# Input for this task:
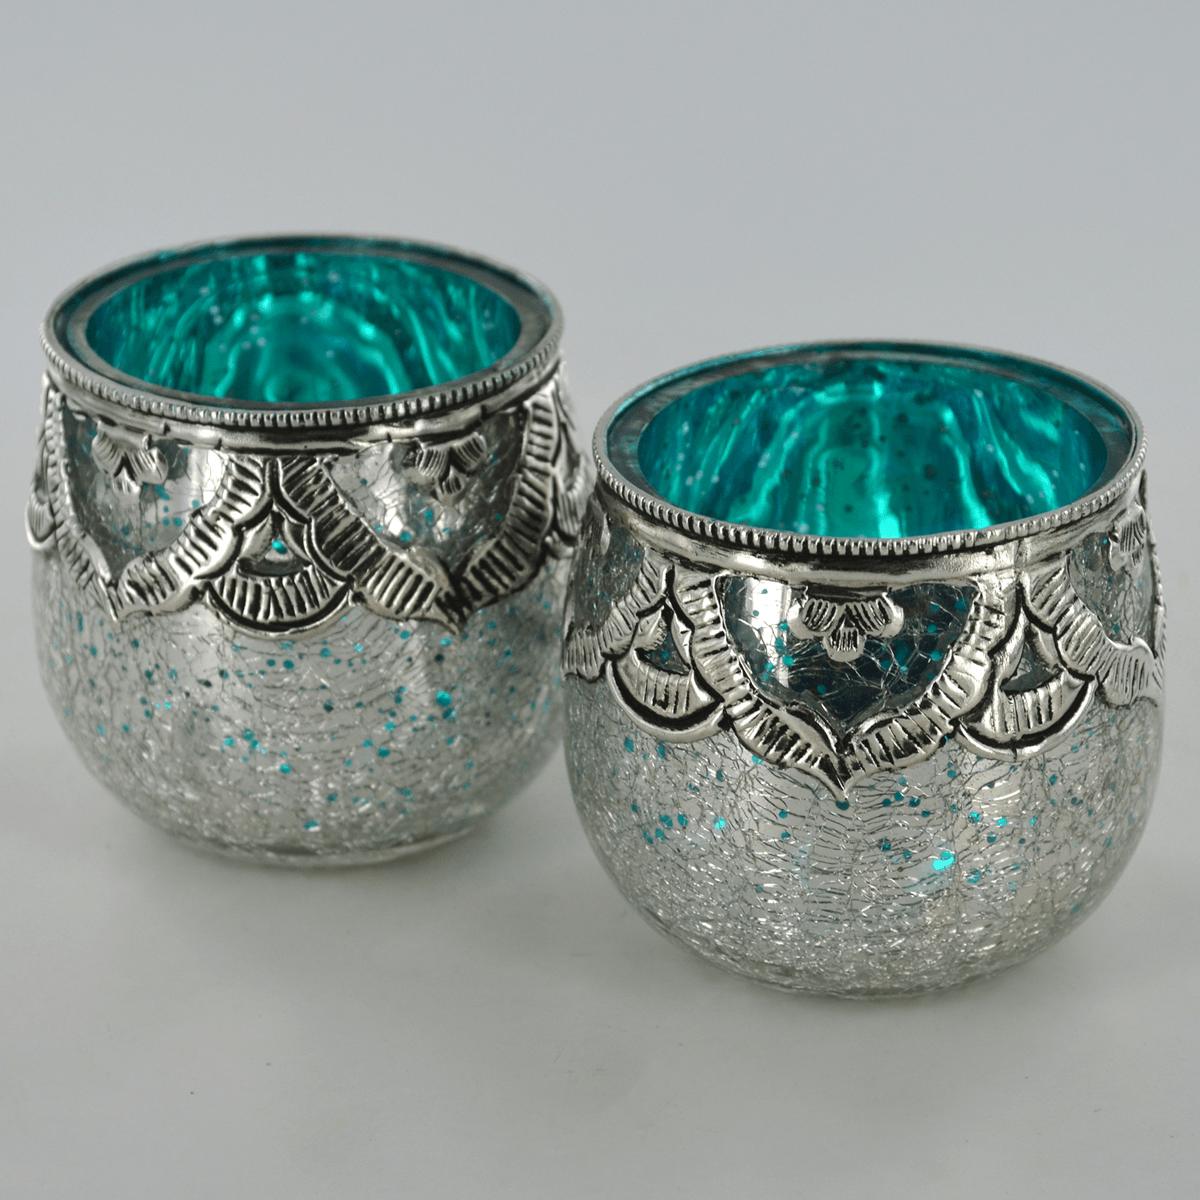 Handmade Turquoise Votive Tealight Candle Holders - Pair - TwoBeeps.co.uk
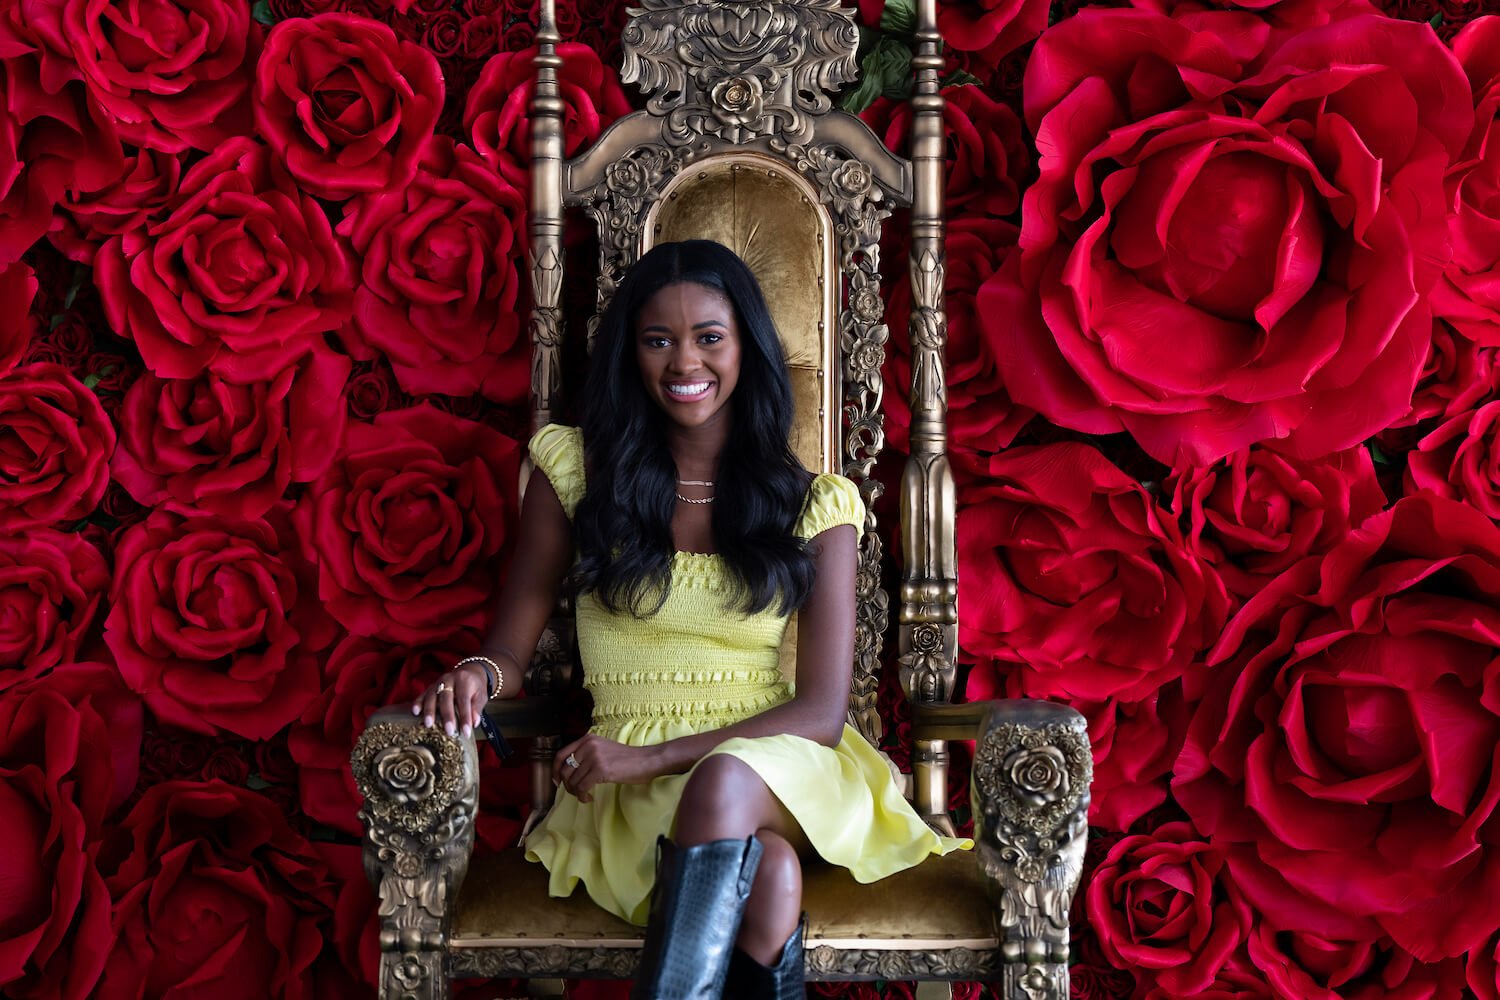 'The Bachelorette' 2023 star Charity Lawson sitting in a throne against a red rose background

---

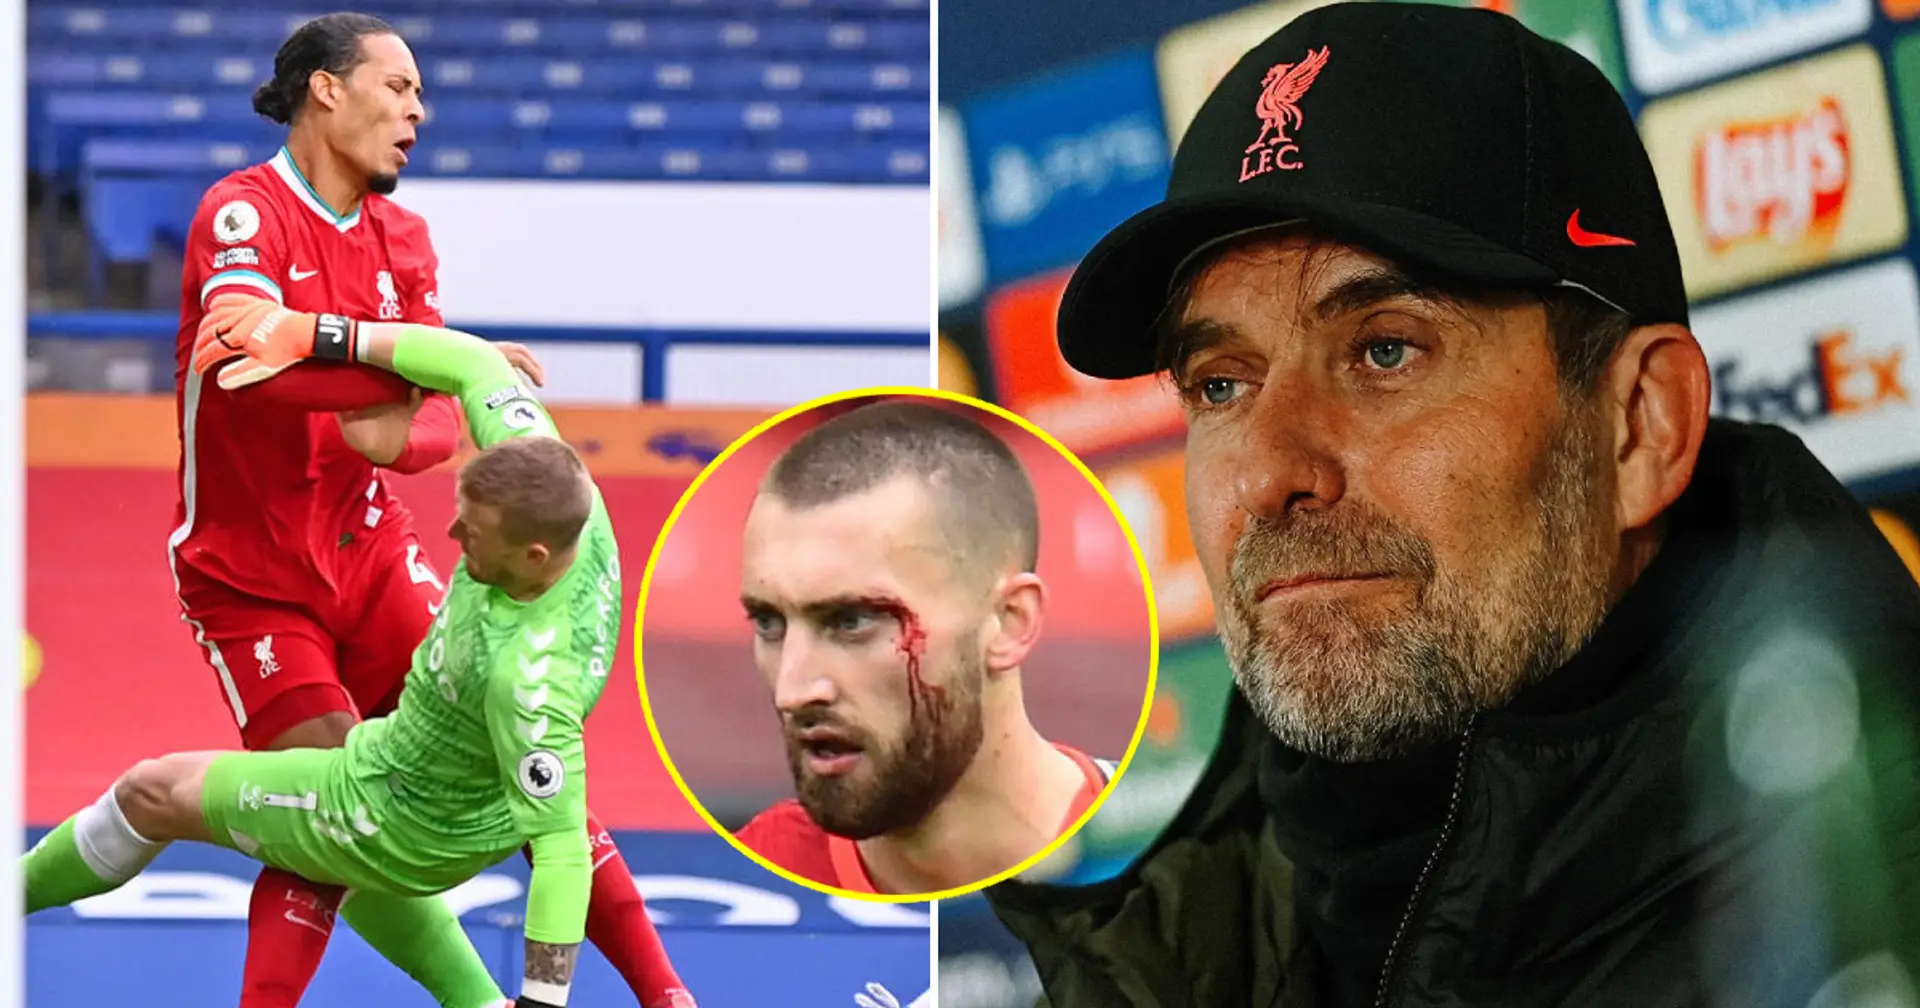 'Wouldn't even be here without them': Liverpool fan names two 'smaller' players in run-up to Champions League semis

# Action item:
Reproduce the listing above only between the lines holding "Handmade Turquoise Votive" and "red rose background", inclusive. Every line must match exactly, and pictures are dropped.

# Output of the exercise:
 Handmade Turquoise Votive Tealight Candle Holders - Pair - TwoBeeps.co.uk
 'The Bachelorette' 2023 star Charity Lawson sitting in a throne against a red rose background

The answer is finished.